Hacker News new | ask | show | jobs
by p-e-w 1148 days ago
The word "dictatorship" doesn't actually mean anything. Its sole purpose is to attack certain institutions and/or governments, while excluding other institutions and governments from criticism even though they share most or all of the same characteristics.

Instead of asking whether or not XYZ is a dictatorship, ask "are they following their own laws and constitution?", "are they respecting universal human rights?", and "in whose interests are they acting?". The answers to those questions are absolutely enlightening and make the differences between countries commonly considered dictatorships and countries commonly considered democracies almost vanish.

2 comments

> Instead of asking whether or not XYZ is a dictatorship, ask "are they following their own laws and constitution?"

They are not. Censorship is unconstitutional in Brazil, especially that of a political nature. Yet I don't think it's been a month since I last saw news of some politician being banned from holding office because they posted "fake news" online or something.

Basically the strategy now is to criminalize "fake news", accuse your opponents of spreading it and deplatform them because criminals can't hold political office. Show me the man, I'll show you the crime.

You make many good points but this is absurd: The word "dictatorship" doesn't actually mean anything.

Of course it does, you can quantify the degree to which a country is authoritarian even if it has nominally democratic institutions like North Korea or Iraq under the Ba'ath party. To be sure, the word is bandied about a lot in political discourse as in the comment you replied to, but it is well-defined.

> Of course it does, you can quantify the degree to which a country is authoritarian

Really? How?

I mean of course without resorting to what amounts to political opinions.

Measure legislative independence, frequency of regime changes, election margins, concentrations of executive authority and so on. Sure, it's a 'political opinion' that nobody is so cool they are naturally re-elected over and over with 97%+ majorities, but you can certainly measure the number of standard deviations in election results.

This book is readable and essays a rigorous approach to the topic, albeit within an existing political science/international relations framework whose axioms are not universally agreed upon.

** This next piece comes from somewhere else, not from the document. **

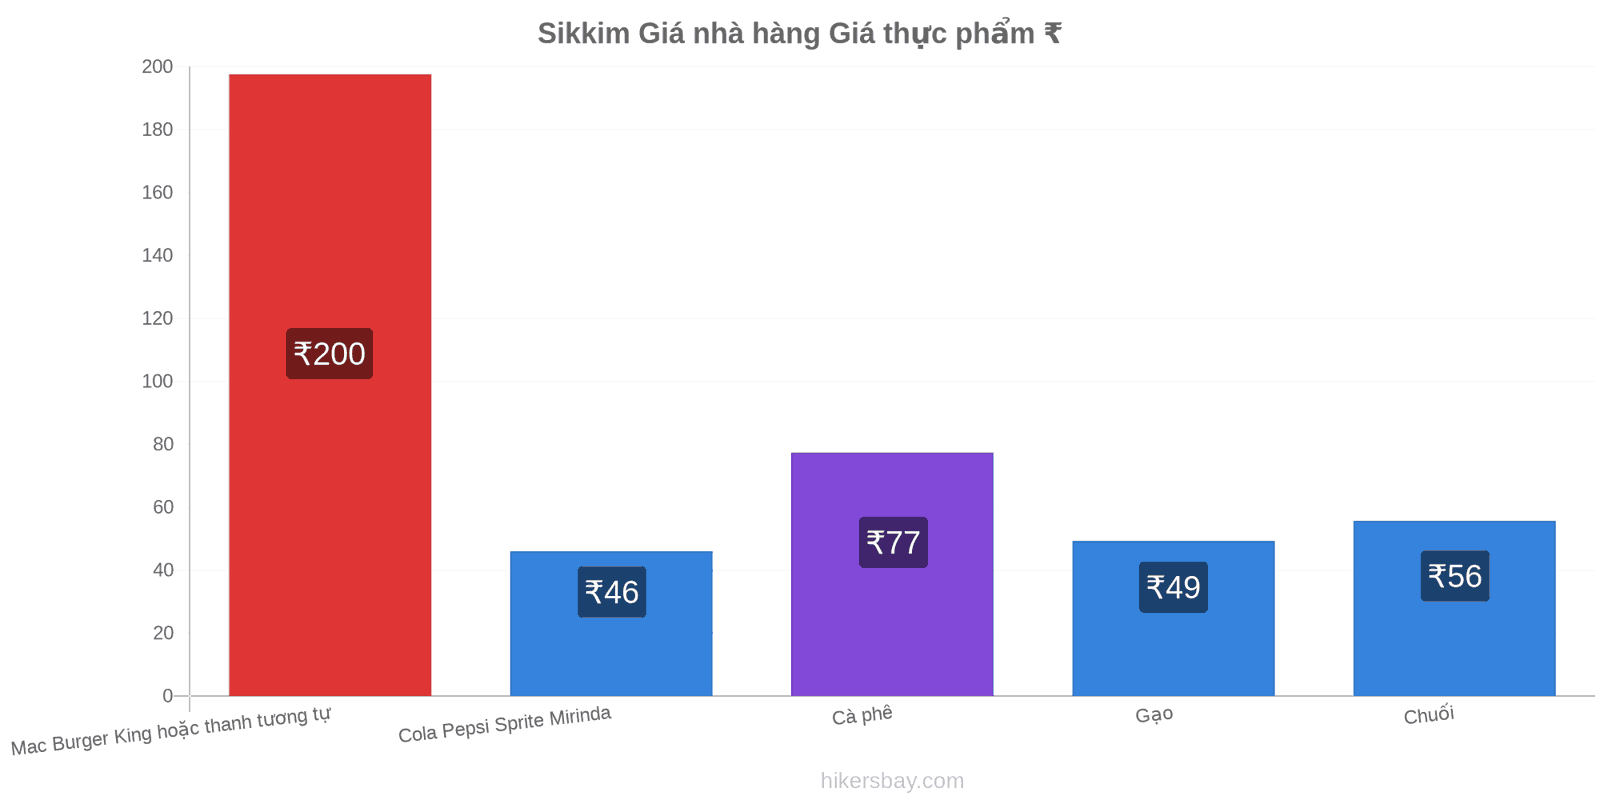 Sikkim thay đổi giá cả hikersbay.com

https://mitpress.mit.edu/9780262524407/the-logic-of-politica...

Most of these things cannot be "measured", and weighing them to produce some kind of aggregate score is inherently a biased process. There isn't any remotely agreed upon method to determine what constitutes an authoritarian government (or even where a specific government falls on a scale between authoritarian and democracy, when compared to others).

In some aspects, Switzerland is more authoritarian than Saudi Arabia. For example, in Switzerland there are strict building codes everywhere that restrict what kind of house you are allowed to build for yourself; in most of Saudi Arabia, you can build your house however you want. The very idea of a scale that somehow "measures" such things, and adequately incorporates them into a coherent picture of the whole, is absurd.

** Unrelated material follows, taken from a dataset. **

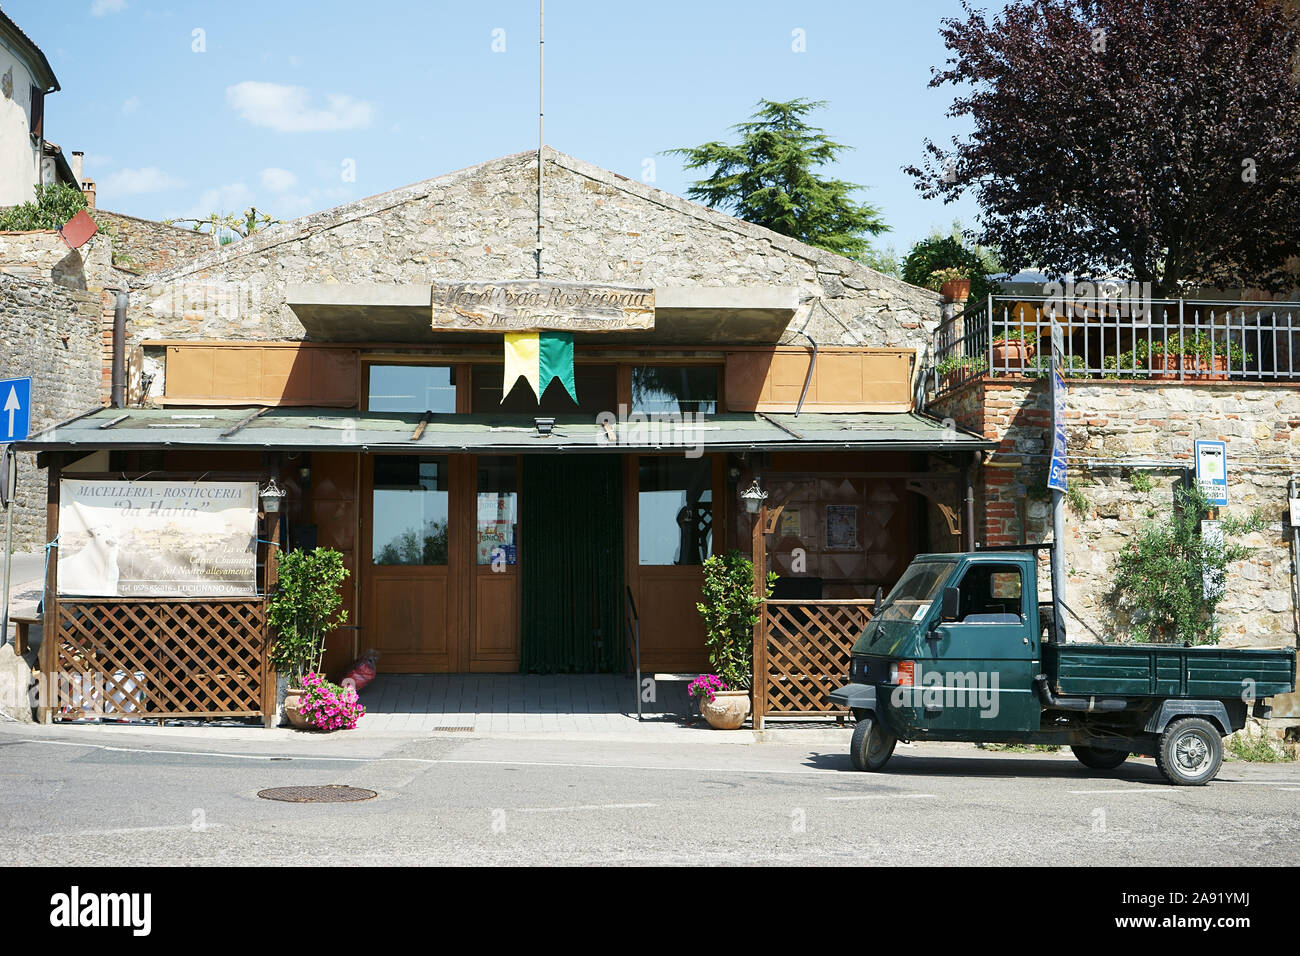 Ape car Piaggio near tuscan butcher shop ' Da Maria' in Lucignano in Valdichiana, tuscany, italy Stock Photo

Any evaluation process is subject to accusations of bias, including yours above:

Instead of asking whether or not XYZ is a dictatorship, ask "are they following their own laws and constitution?", "are they respecting universal human rights?", and "in whose interests are they acting?"

Instead of just nay-saying and trying to redirect the argument, you could try engaging with the question of what a dictatorship is as a political structure. Or not, as you prefer.